2011 NBA Post Mortem

I wasn't going to write anything more about this year's NBA season, but it was so swell, I couldn't help it.  Plus, there seems to be an overload of dumbass narrative associated with the season, so it can't hurt to add some perspective outside of the 24 hour yak machine in Bristol.  And yes, I know it's really late, but that's what happens when you try to keep three blogs, two musical projects, and a 45-hour-a-week day (and night and weekend) job.

  • The Mavs didn't win the title, the Heat lost it.  Bullshit.  First of all, that's a silly cliche on the surface of it: the Mavs won the title, the Heat lost it.  BOTH THINGS HAPPENED.  But seriously, too many people are characterizing this as a series the Heat gave away, which is ridiculous.  In spite of the individual basketball awesomeness of LeBron, Wade, and Bosh, the ingredients weren't there for a good basketball team, at least not immediately, and not without some real work and sacrifice on everybody's part.  This is a point that has been heavily discussed (both here and elsewhere), and yet so many still seem to be missing the point.  The Heat may have had the better individuals, but the Mavs had the better team.  That doesn't mean that the Heat will never be a good team - as a matter of fact, they made some pretty serious strides in the playoffs - it just means that the best players don't always make the best team, at least not right out of the box.

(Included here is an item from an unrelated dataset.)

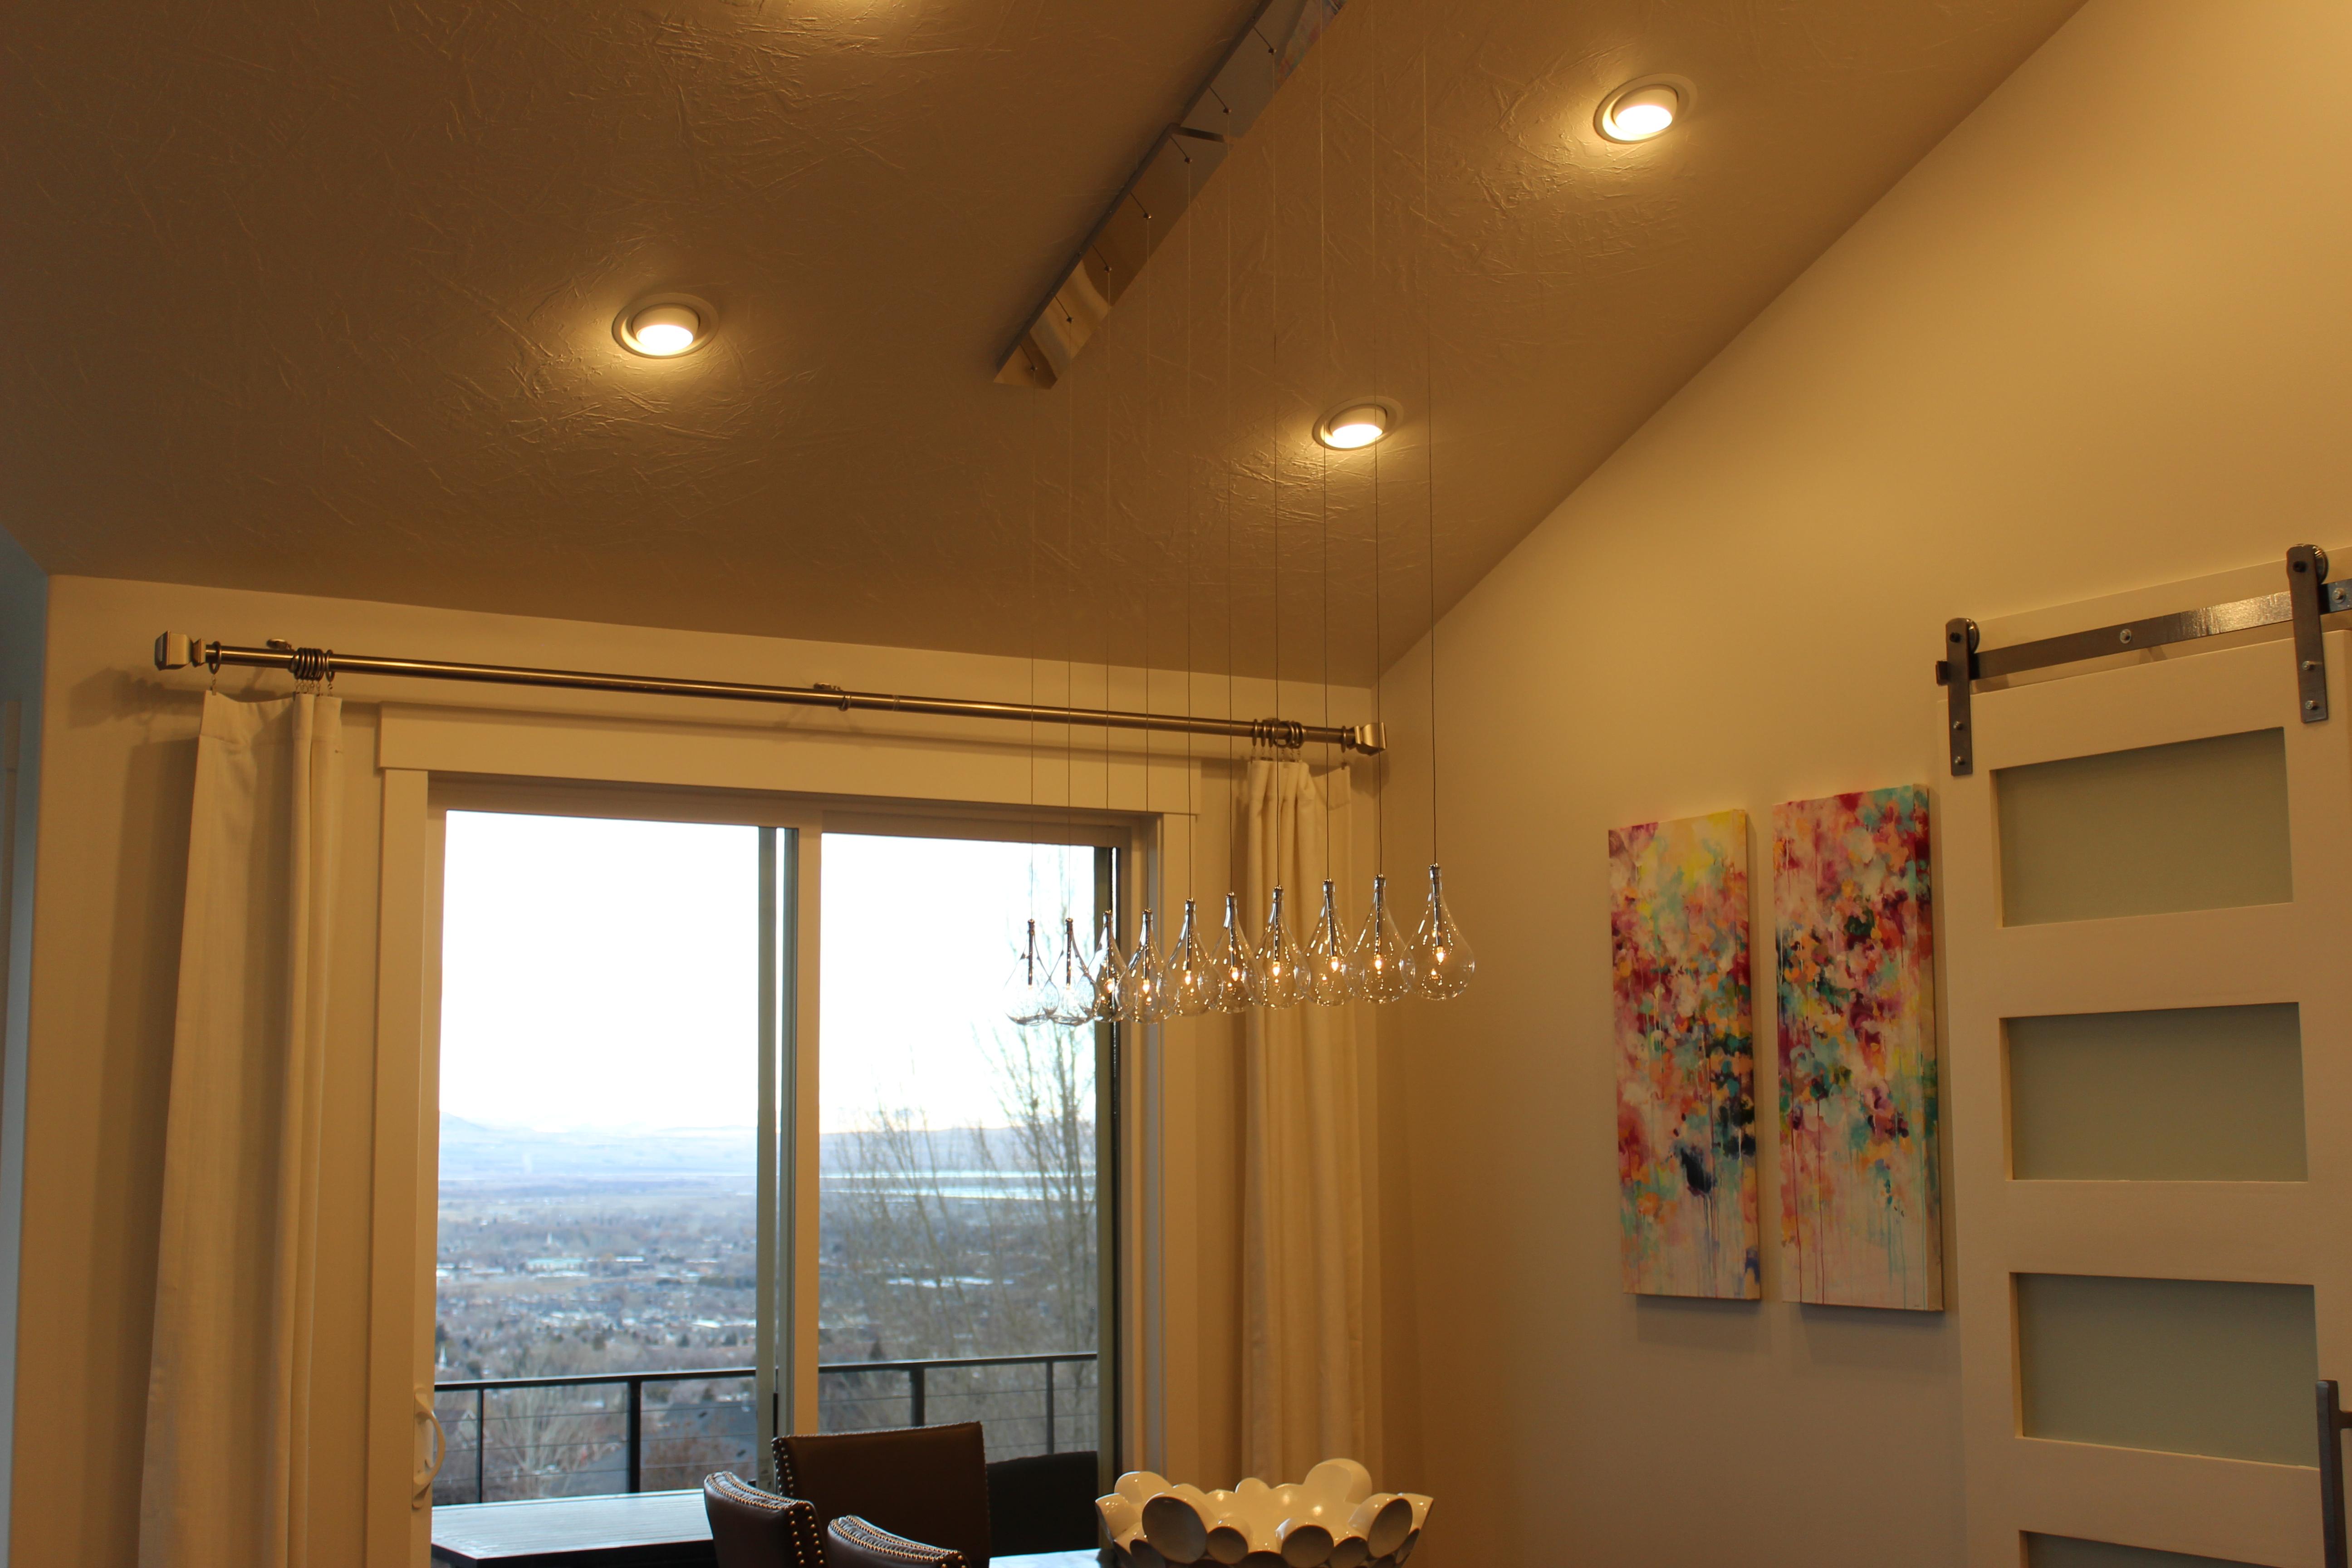 Innovative Lighting & Electrical image 7

  • "Scoring the ball".  I just have an image of some guy in carpenter's overalls whipping out an old-school pocket knife and cutting the surface of the basketball.  Is there any way we could just lose this hideous phrase?  Didn't think so.
  • LeBron isn't clutch; LeBron needs to become a killer, like Kobe Bryant.  Let's deal with that last one first, because I have said that myself before: when the game's on the line, who would you rather have the ball, Kobe or LeBron?  To the NBA fan, the answer would seem obvious, but it's not.  Of all the players who took part in this year's playoffs, who would you hand the ball to?  Kobe?  Not so fast - according to stats compiled by True Hoop's Henry Abbott, the first guy you would give the ball to is Carmelo Anthony.  No surprise there, the guy is probably the most lethal scorer in basketball, and that includes Kobe.  So, okay, Kobe's next, right?  Nope . . . how about Chris Paul, Shawn Marion (?!), Brandon Roy (no surprise there), Hedo Turkoglu (okay, leave him out after the brain farts he let out this year), and Mike Bibby (??!!)?  If you say to me "Dirk Nowitzki", I say "no duh" after what he did this year, but this list was compiled before his coming out party.  Then, how about Tim Duncan, Eddie Jones, and Raymond Felton?  And next we have . . . LeBron James?  Yup, the much-maligned King James is ahead of Kobe on this list, as is Ray Allen and Gilbert "Hibachi" Arenas.  As a matter of fact, Kobe is only about 1.5 points better than the league average at clutch time, and just over 15 points short of Carmelo . . . so, don't believe everything you think you know.  While LeBron did have a pretty serious drop off during the playoffs this year, I think it has to do with a lot more that "not being clutch", some of which we'll get into below.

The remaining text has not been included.